Le message du documentaire est clair. Il faut que les Africains comprennent que leur pouvoir est souvent « entre leurs mains et sous leurs pieds ». La cause nécessite d’être incarnée et c’est ce que souligne Monique Barbut, secrétaire générale à l’ONU : « Aujourd’hui la grande muraille verte c’est plus un sujet de fonctionnaires internationaux qu’un mouvement populaire. (…) notre espoir est que des gens comme vous embrassiez cette idée », adresse-t-elle à Inna Modja.  L’esprit du projet a été porté un temps par le leader panafricain Thomas Sankara, visionnaire notamment pour la lutte contre la désertification.  Le documentaire s’inscrit lui dans  un « artivisme ». La musique sert un combat. « La musique est le meilleur moyen de faire passer un message, du plus dur au plus doux », déclare le rappeur sénégalais Didier Awadi.

Le projet de La Grande Muraille Verte est souvent décrit comme une ceinture verte s’étirant à travers l’Afrique, de Dakar jusqu’à Djibouti. Mais en réalité c’est beaucoup plus. C’est un mouvement centré sur l’humain. Il a pour but de restaurer la santé de l’écosystème et les ressources naturelles du Sahel, afin de construire la résistance de la communauté vivant dans la région face à la sécheresse, d’améliorer la sécurité alimentaire et leur donner les moyens de créer de nouveaux flux viables de revenus. L’origine du projet remonte aux années 70, lorsque le Sahel a été touché par des périodes successives de sécheresse et que de vastes étendues de terres fertiles ont commencé à dangereusement se dégrader. Les principales raisons de ces dégradations sont les effets combinés de la mauvaise gestion des terres, du surpâturage, de la croissance démographique et de la nouvelle menace du changement climatique.

« La forêt précède les hommes, le désert les suit »

La région du Sahel est un haut lieu politique. Presque 80% des sols de cette région se sont détériorés, 33 millions de personnes sont en situation de pénurie alimentaire et les températures devraient augmenter de 3 à 5 degrés d’ici 2050. L’enjeu majeur que l’humanité va devoir affronter durant ce siècle est déjà visible ici : manque de nourriture et d’eau, changements climatiques, sécheresse, immigration et terrorisme international. La population du Sahel est en première ligne concernant les conséquences du réchauffement climatique avec 80% de sa population qui y vit et survit grâce à l’agriculture. Si les individus ne peuvent plus travailler leur terre, cela entraînera des millions de migrations depuis cette région. « La forêt précède les hommes, le désert les suit » résume Pape Sarr, directeur technique de l’Agence nationale de la Grande Muraille Verte au Sénégal. Pour que le Sahel soit encore vivable, il faut donc le reboiser.

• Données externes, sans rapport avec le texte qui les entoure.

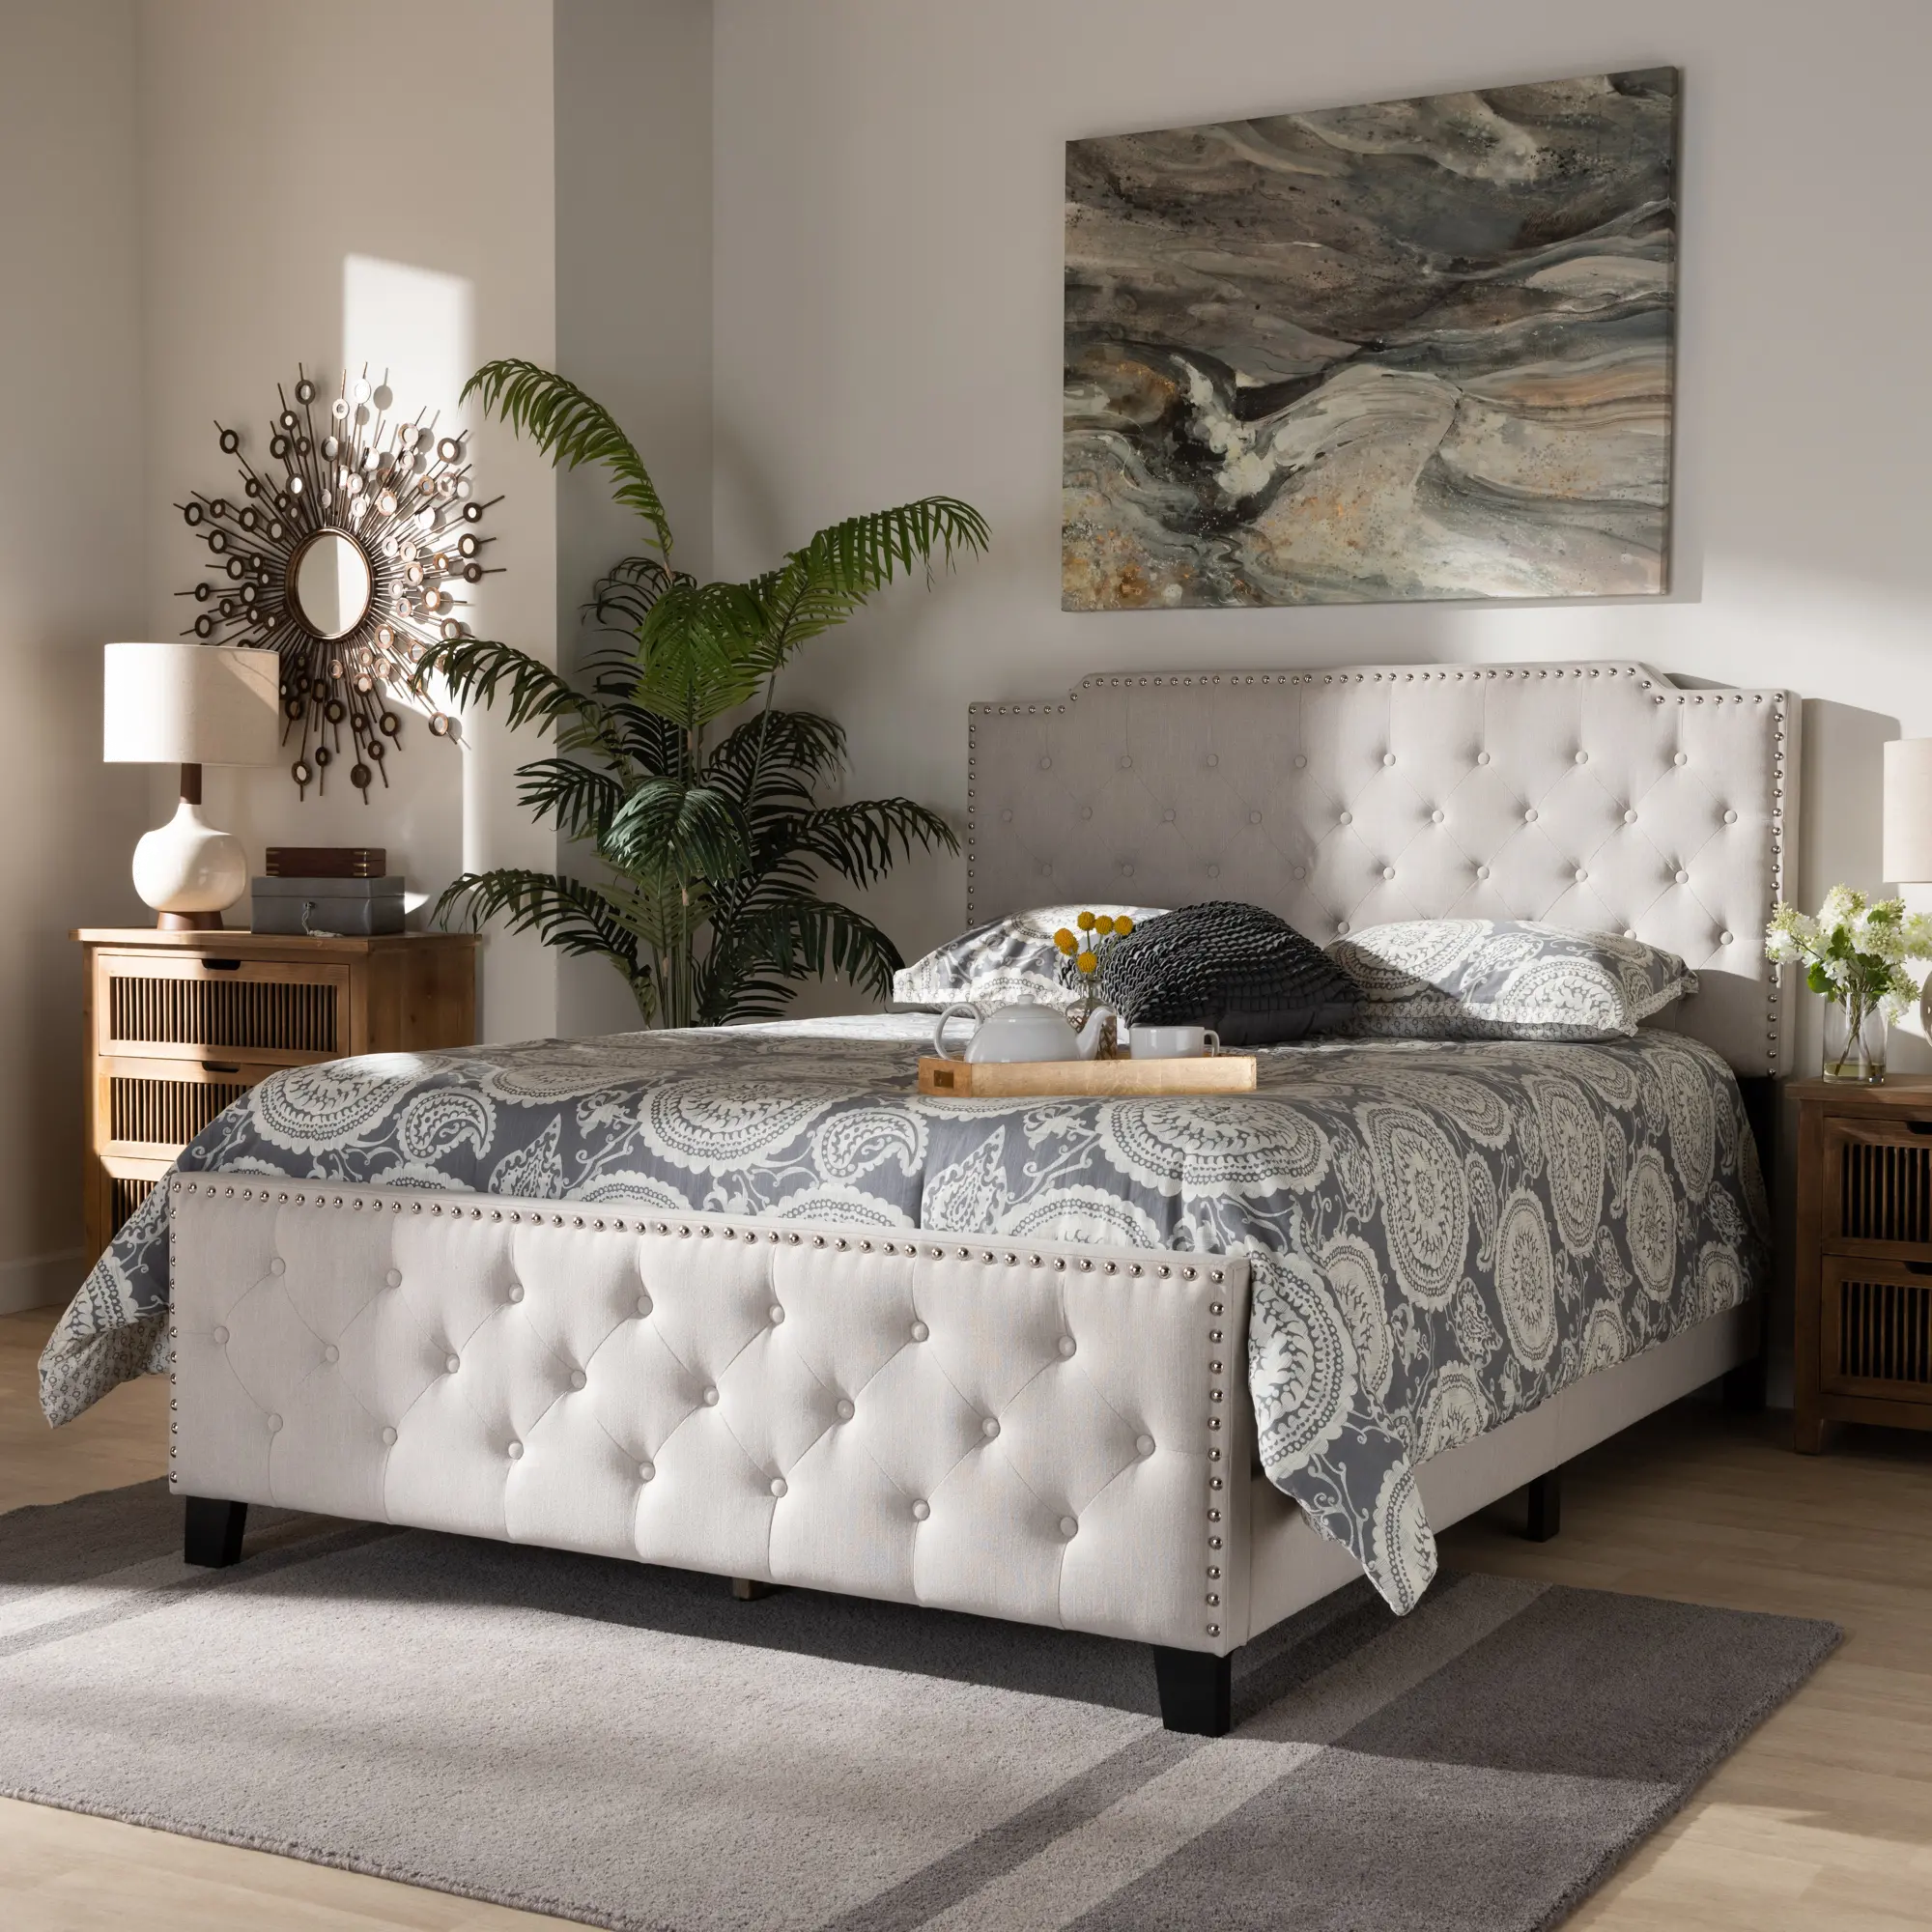 162-10325-RCW Contemporary Beige King Upholstered Bed - Katey sku 162-10325-RCW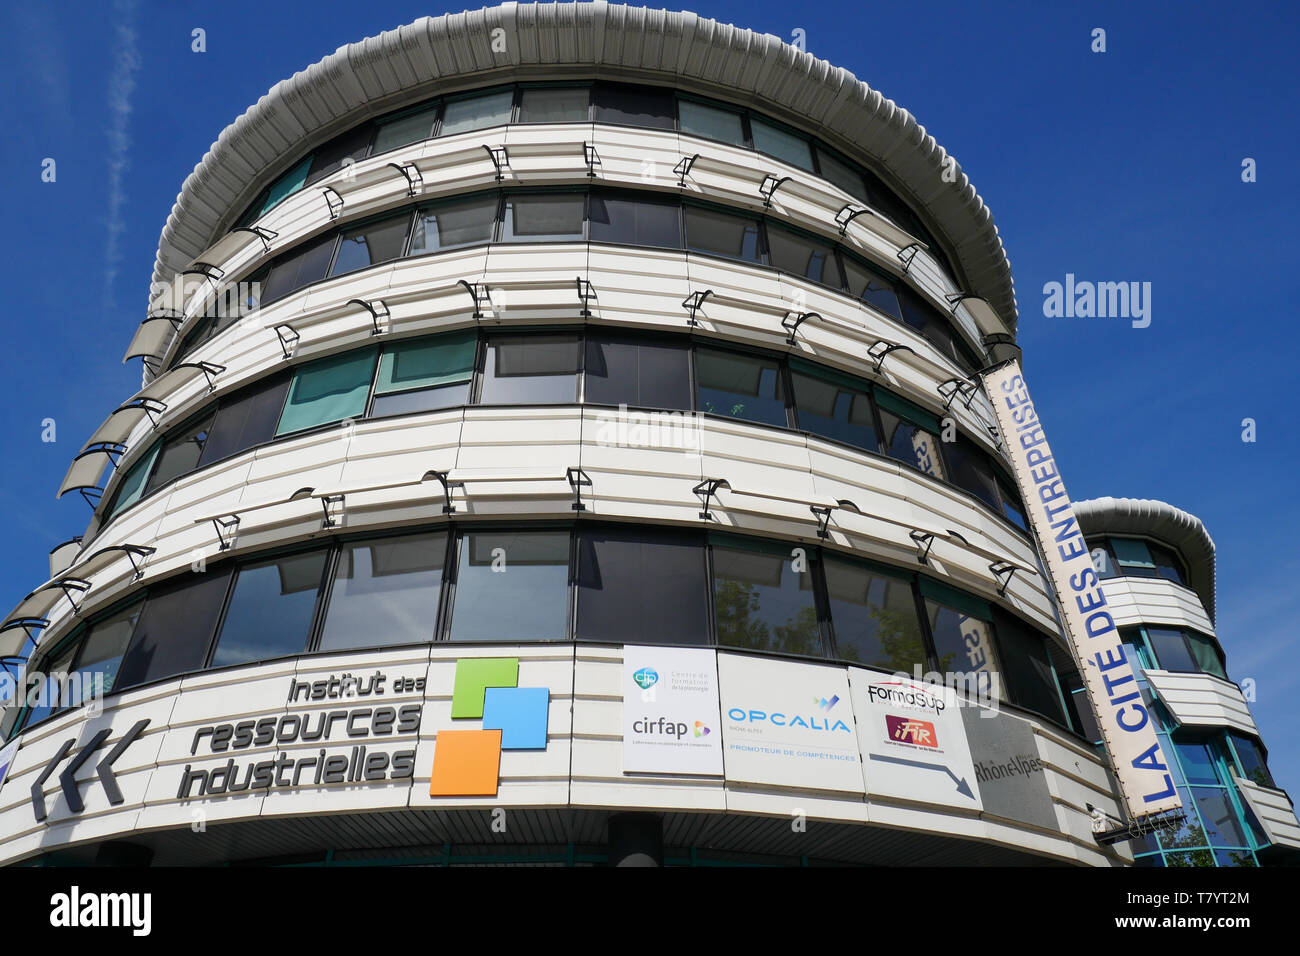 IRI, Industrial Resources Institute, Lyon, France Stock Photo

The Great Green Wall s’inscrit dans la dynamique d’une Afrique unie et tournée vers le futur permet au spectateur d’établir un lien entre les problématiques écologiques et géopolitiques africaines.  Et cela en s’identifiant aux enjeux écologiques du Sahel. L’aspect chiffré dont se revêtit souvent la géopolitique est alors secondaire, pour s’attacher aux individualités qu’Inna Modja rencontre sur sa route. Et nous spectateurs nous comme compagnons de route. L’œuvre s’écarte d’une vision humanitaire réductrice. Les plans rapprochés sur les populations valorisent les individus qui construisent et construiront l’Afrique de demain.